In the end, as determined by the ESC guidelines [3], routine use or upstream use of GPI is not included in the guidelines anymore. Using GPI as bailout therapy in the event of angiographic evidence of a large thrombus, slow flow/no-reflow phenomenon or other thrombotic complications is recommendable, although this strategy has not been tested in randomised trials.

The TRACER trial was conducted in patients with NSTEMI and did not show a favourable balance between efficacy and bleeding with vorapaxar in acute management [48].

The TRA 2°P-TIMI 50 trial [49] was a secondary prevention trial designed to investigate the efficacy and safety of vorapaxar in the reduction of atherothrombotic events in patients with established atherosclerosis receiving aspirin and/or clopidogrel. Patients (n = 26,449) were randomly assigned to vorapaxar 2.5 mg daily or placebo. After a median follow-up of 30 months, vorapaxar significantly reduced the primary endpoint (death from cardiovascular causes, myocardial infarction, or stroke) by 13% compared with placebo, driven by a 17% reduction in the rate of myocardial infarction, at the expense of a significant increase in moderate or severe bleeding and a twofold increase in intracranial bleeding. Particularly in patients with previous STEMI (n = 9,248), vorapaxar led to a significant 27% reduction in the risk of cardiovascular death, myocardial infarction or stroke. The efficacy and safety of vorapaxar in combination with prasugrel and ticagrelor has not been tested. Future studies with different antiplatelet combinations, duration and doses are needed to clarify if vorapaxar has a role in the treatment of patients with STEMI. Vorapaxar (2.08 mg once daily maintenance dose) is currently approved by the FDA and EMA for the reduction of thrombotic events in patients with a history of myocardial infarction or peripheral arterial disease (Tab. 3).
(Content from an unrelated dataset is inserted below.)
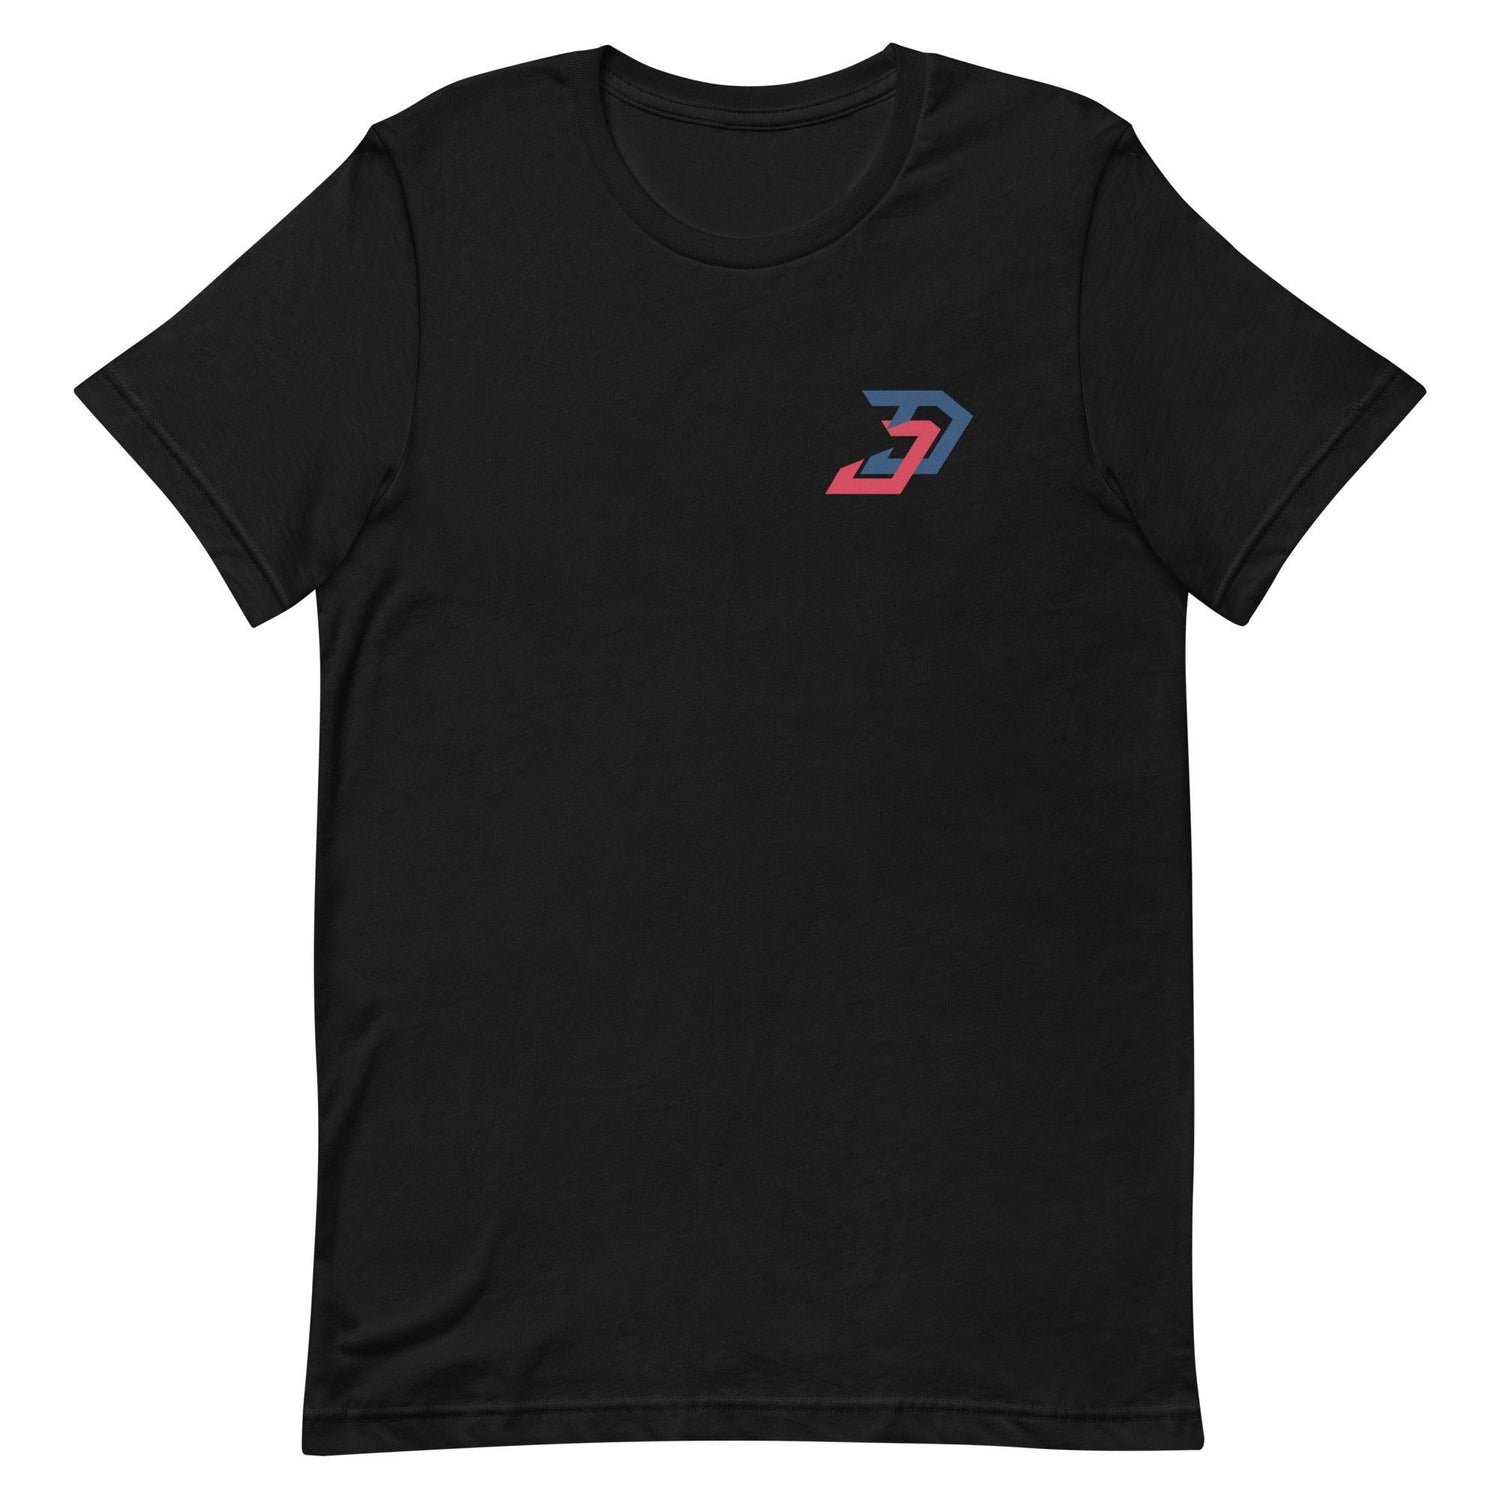 Jack DeGroat “Signature” t-shirt - Fan Arch

In patients with atrial fibrillation undergoing PCI, rivaroxaban may be considered as a therapeutic option as recently published in the PIONEER-AF trial [52]. Furthermore, in patients with stable angina, those assigned to rivaroxaban (2.5 mg twice daily) plus aspirin had better cardiovascular outcomes and more major bleeding events than those assigned to aspirin alone [53]. In patients with a low bleeding risk who receive aspirin and clopidogrel, low-dose rivaroxaban (2.5 mg twice daily) may be considered (Class 2b; LOE: B for both) as determined by the ESC guidelines (Tab. 3; [3]).